Music Reviews
Kirsten Lambert

Kirsten Lambert

From a Window to a Screen

BellaJu Music

Kirsten Lambert has captured the film noir feel of a certain style of jazz. This is music for late nights in smoky rooms with men and women of dubious integrity.

One could easily make the assumption that Lambert and her producer, Chris Stamey, scoured deep tracks from Sara Vaughn and Nelson Riddle. From a Window to a Screen may feel like a “Great American Songbook” album giving a fresh spin to old standards, but that is not what’s happening here. Chris Stamey wrote all 12 tracks, with the title track originally appearing on the dB’s album Repercussions.

Lambert has a rich and emotive voice, perfect for plumbing the emotional depth of Chris’s lyrics. For most of the songs, Kirsten chooses downtempo arrangements that work well with Stamey’s post break up songs, like “Occasional Shivers” and the title track. “27 Years in a Single Day” has a mellow bossa nova feel. “There’s Not a Cloud in the Sky” is the one really up-tempo shot of optimism on the album. While “27 Years” may be a meditation on a collapsed relationship, “Not a Cloud” testifies that better times do eventually come around.

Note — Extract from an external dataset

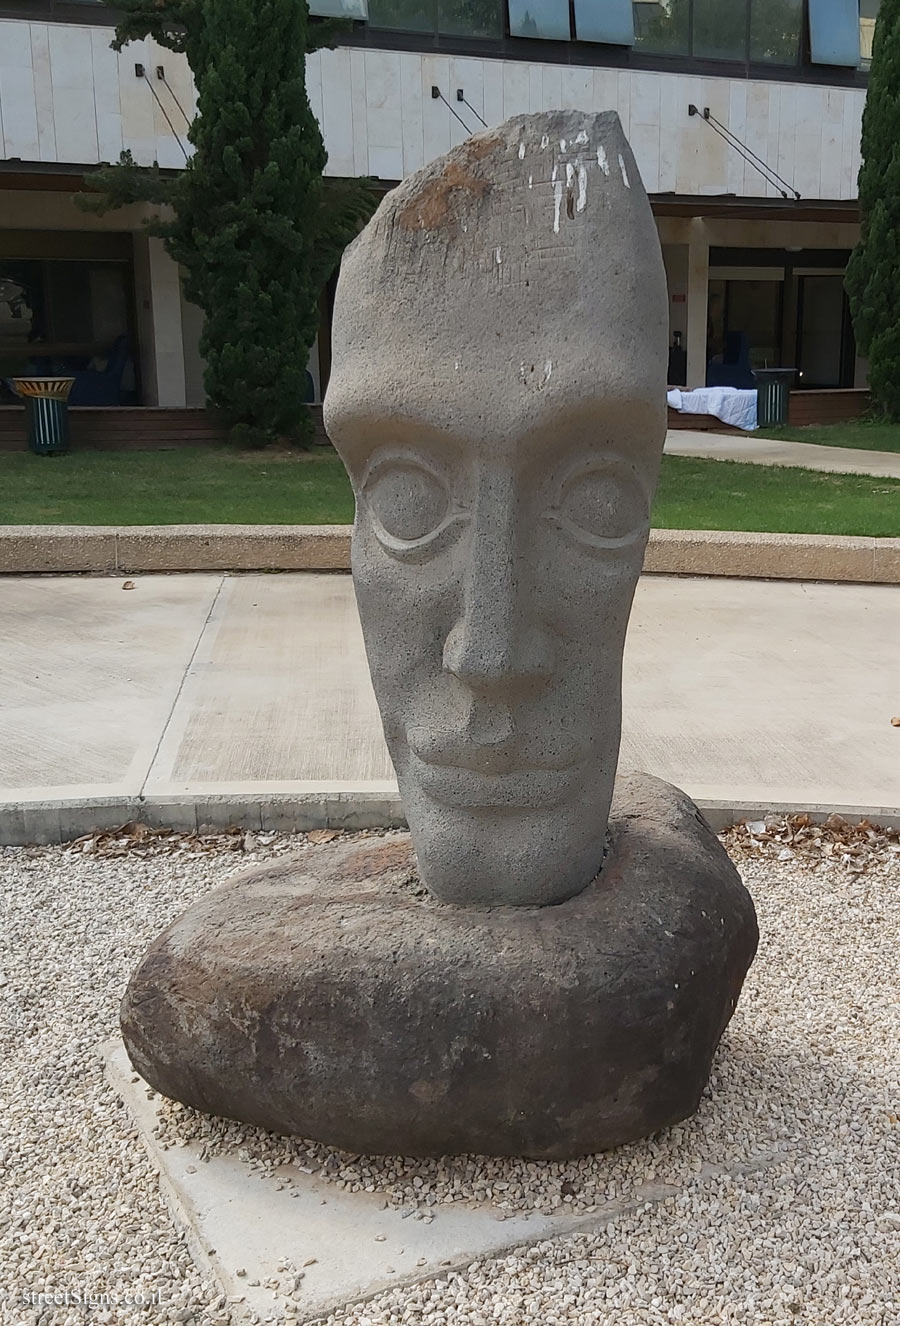 "No Title" David Fine outdoor sculpture - The Topor sculpture garden at Sheba Hospital in Tel Hashomer
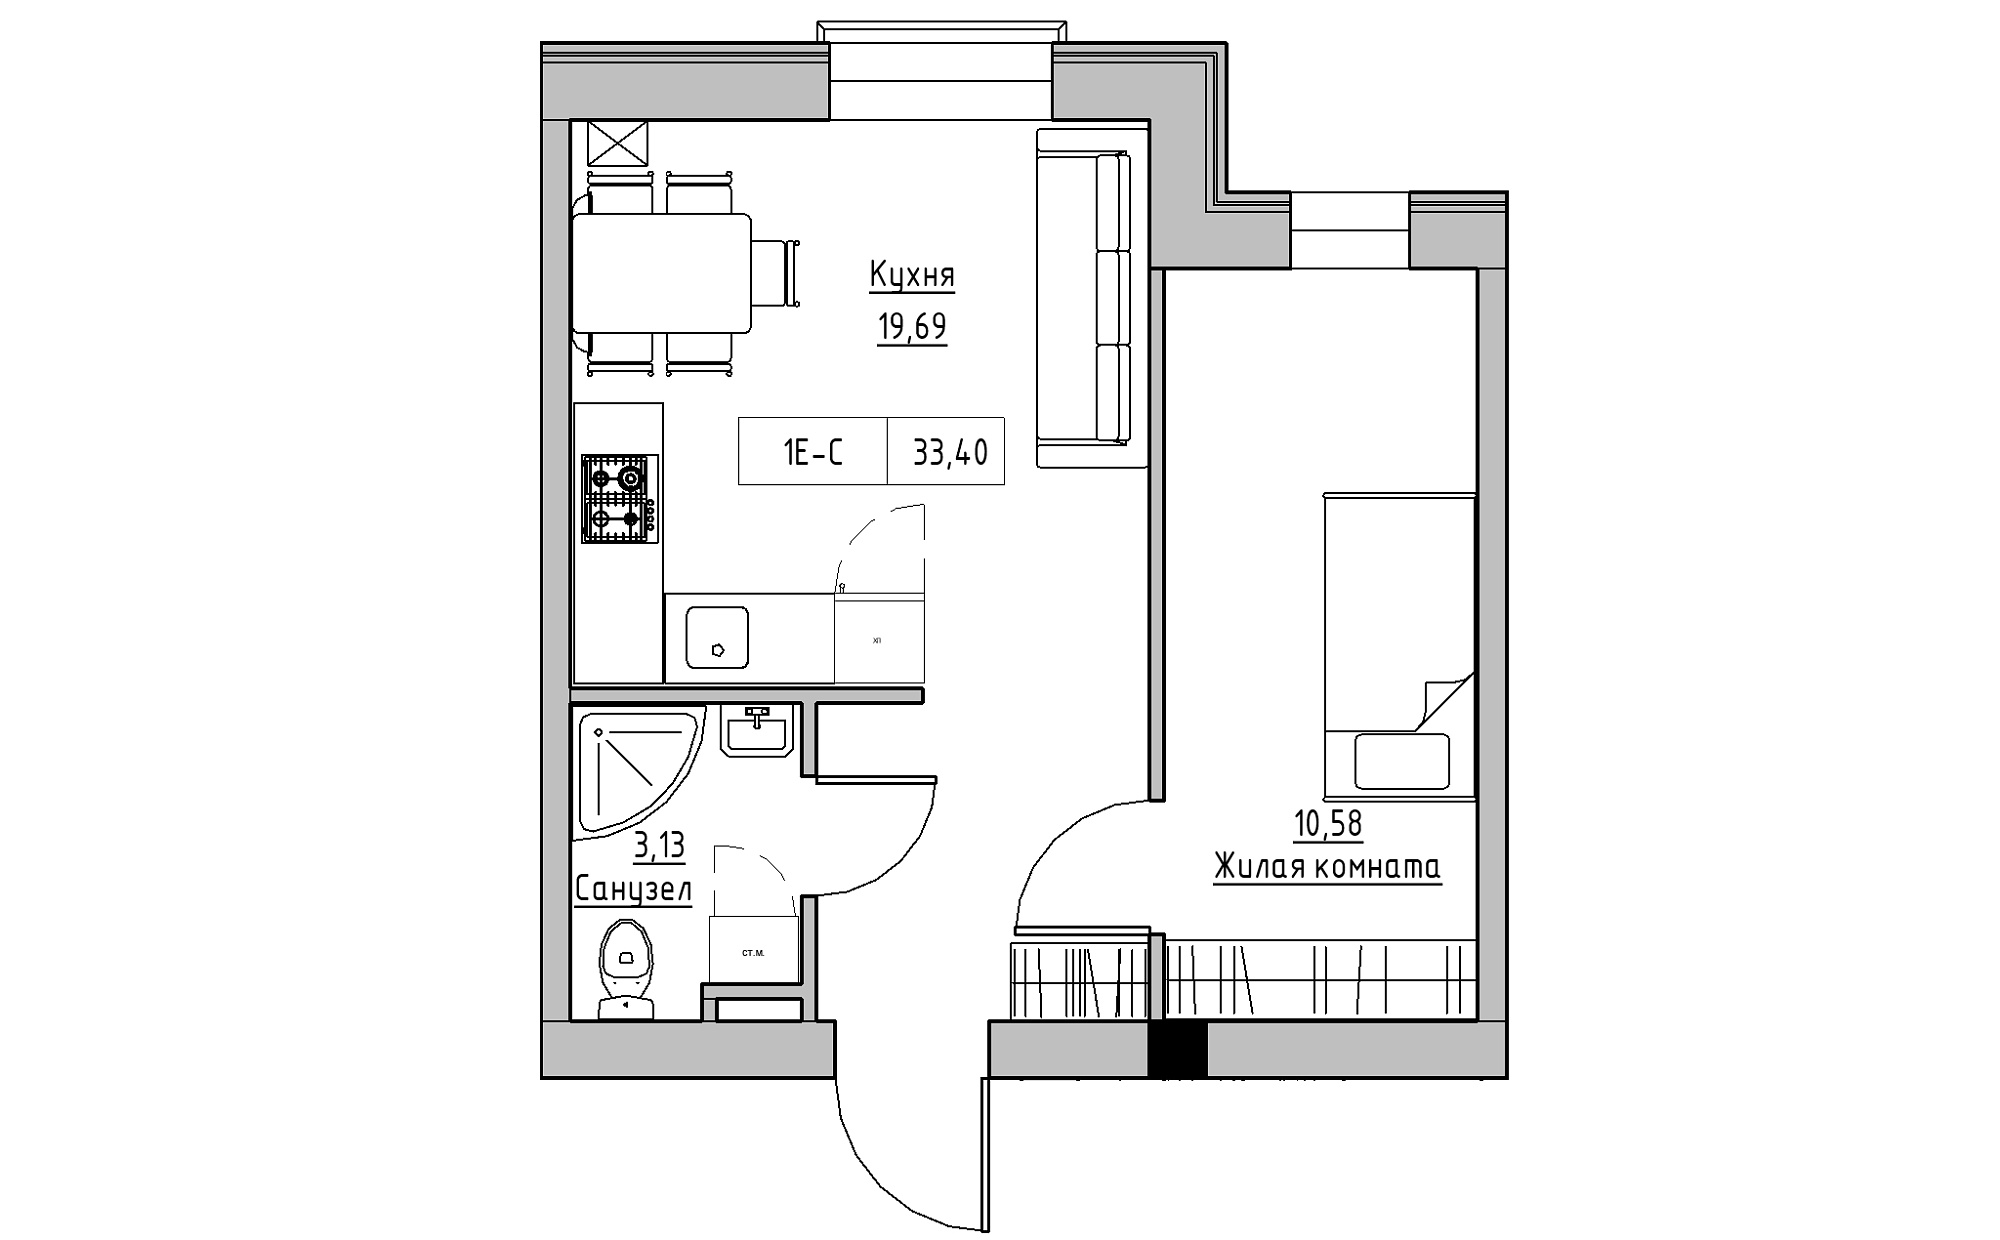 Планування 1-к квартира площею 33.4м2, KS-022-01/0008.

It’s worth taking note of the crew Stamey and Lambert assembled for these sessions. They are all North Carolina jazz players. Bassist John Brown is the director of Jazz Studies at Duke University. Will Campbell’s saxes are the primary lyrical foil to Lambert’s voice. Being well connected, Stamey was able to bring in heavyweight guitarists Bill Frisell and Nels Cline (Wilco) to add some electricity to an otherwise mostly acoustic session.